What the exercise asks:
Return the data below in full and exactly, except that the pictures are dropped.
┌─ Provided data
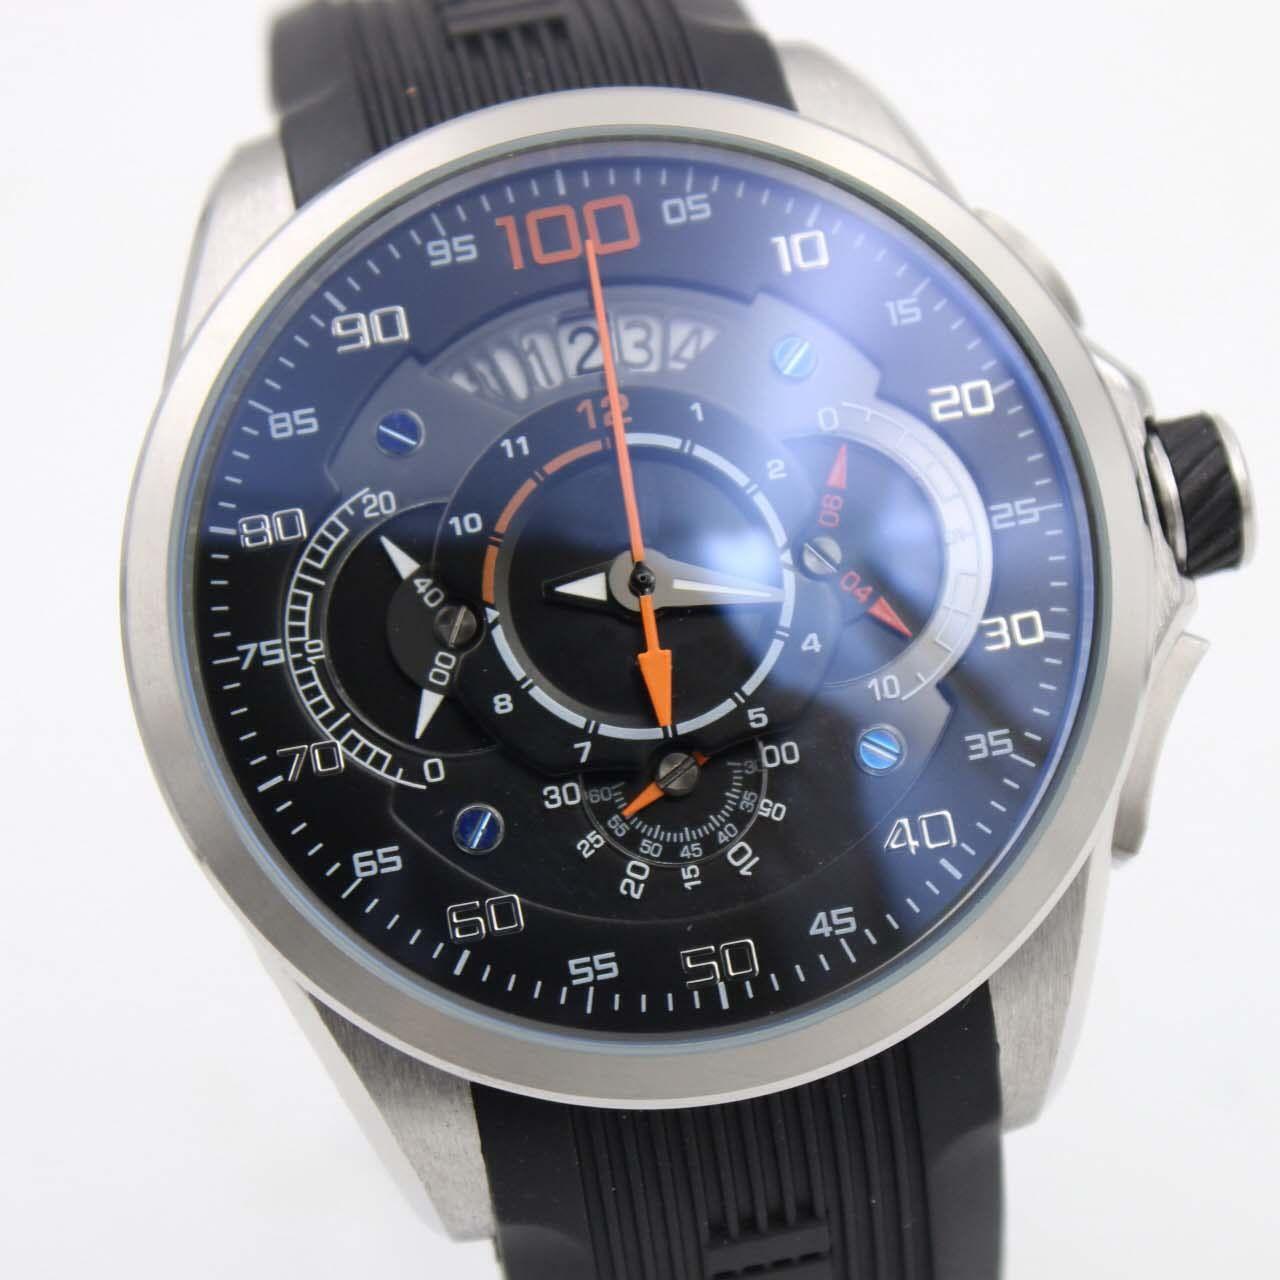 quartz chronograph wristwatch tachymeter calibre s mercedes benz sls
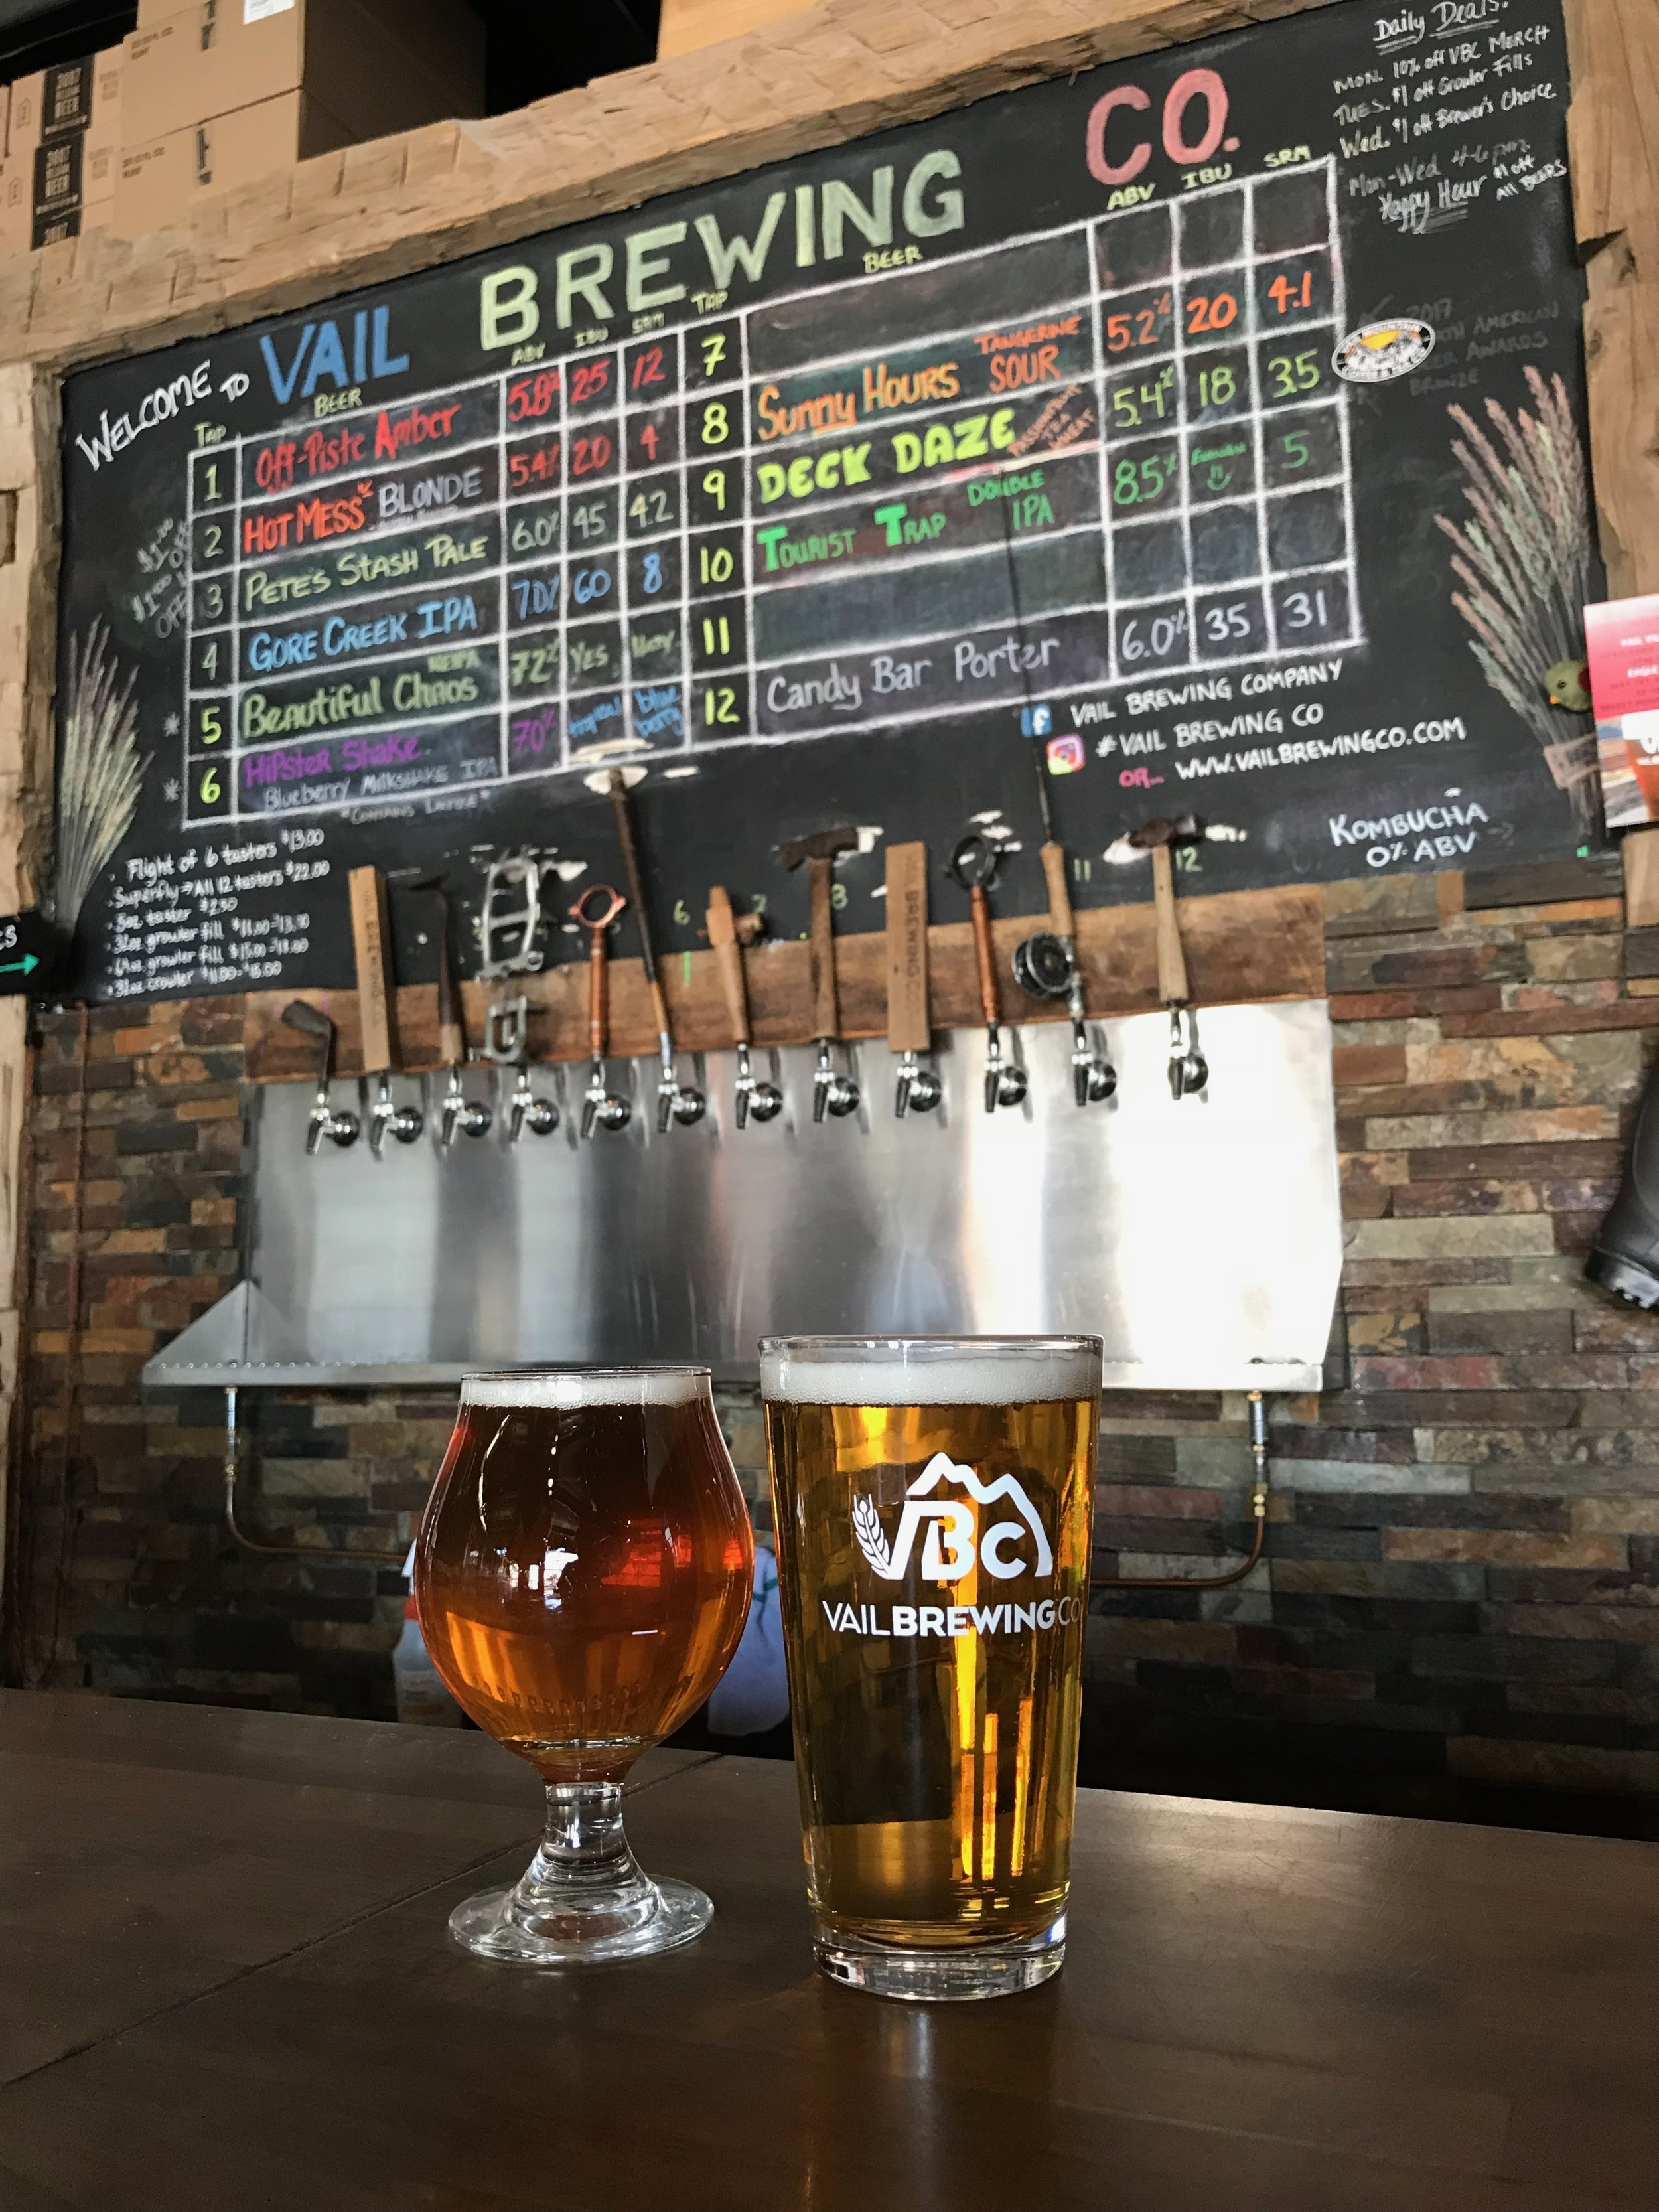 Pit stop at Vail Brewing Company!
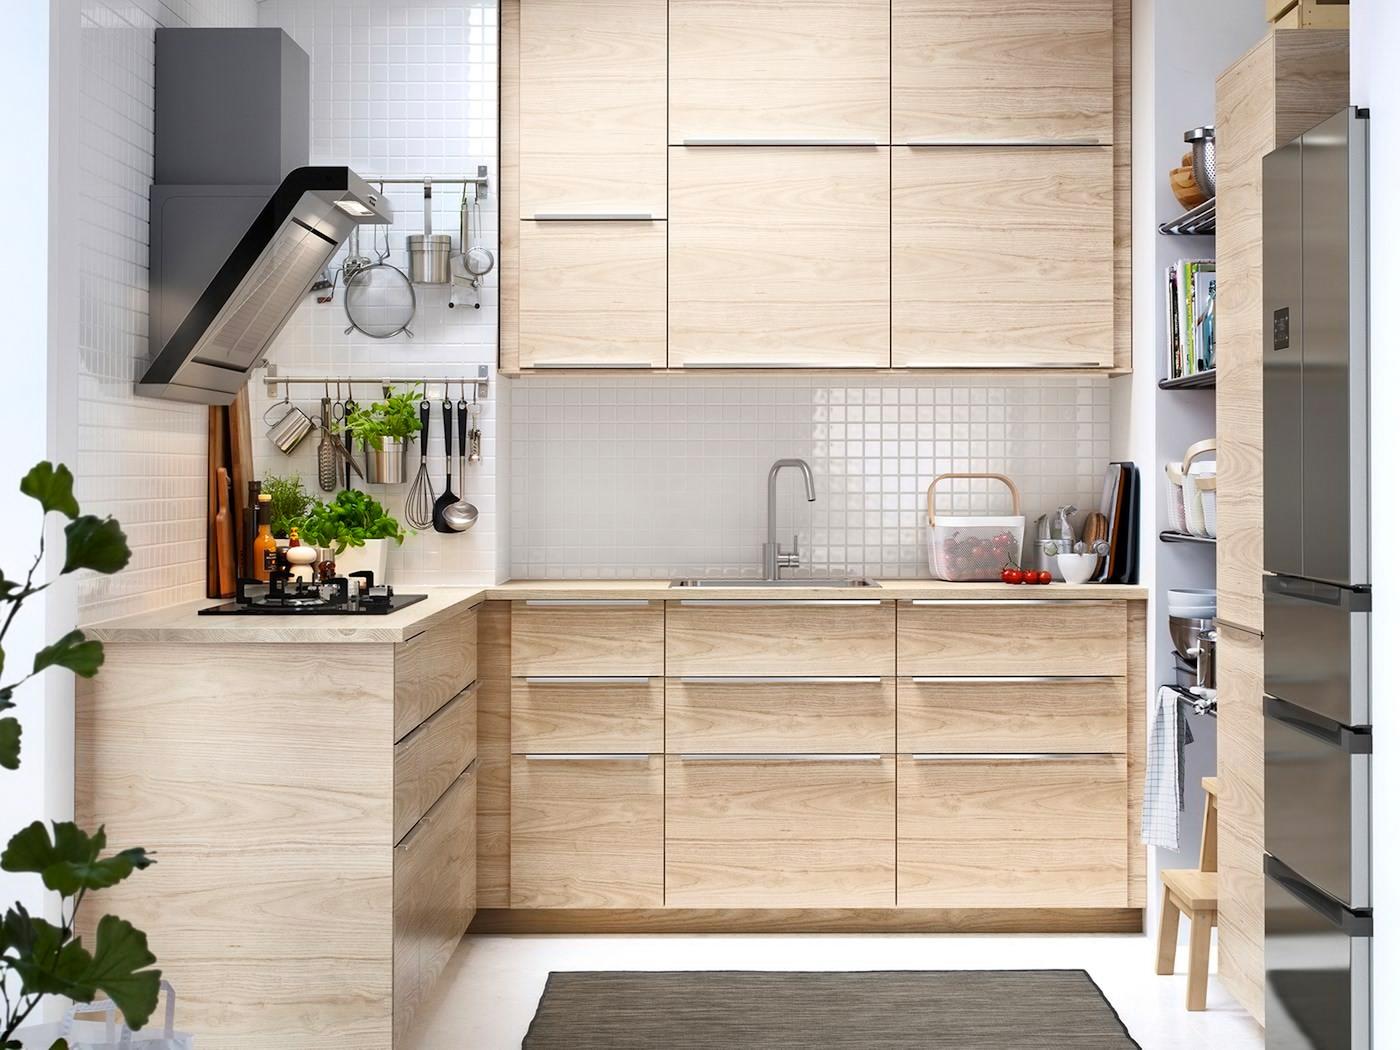 ikea kitchen planner tool mac
└─
Task solution:
 quartz chronograph wristwatch tachymeter calibre s mercedes benz sls
 Pit stop at Vail Brewing Company!
 ikea kitchen planner tool mac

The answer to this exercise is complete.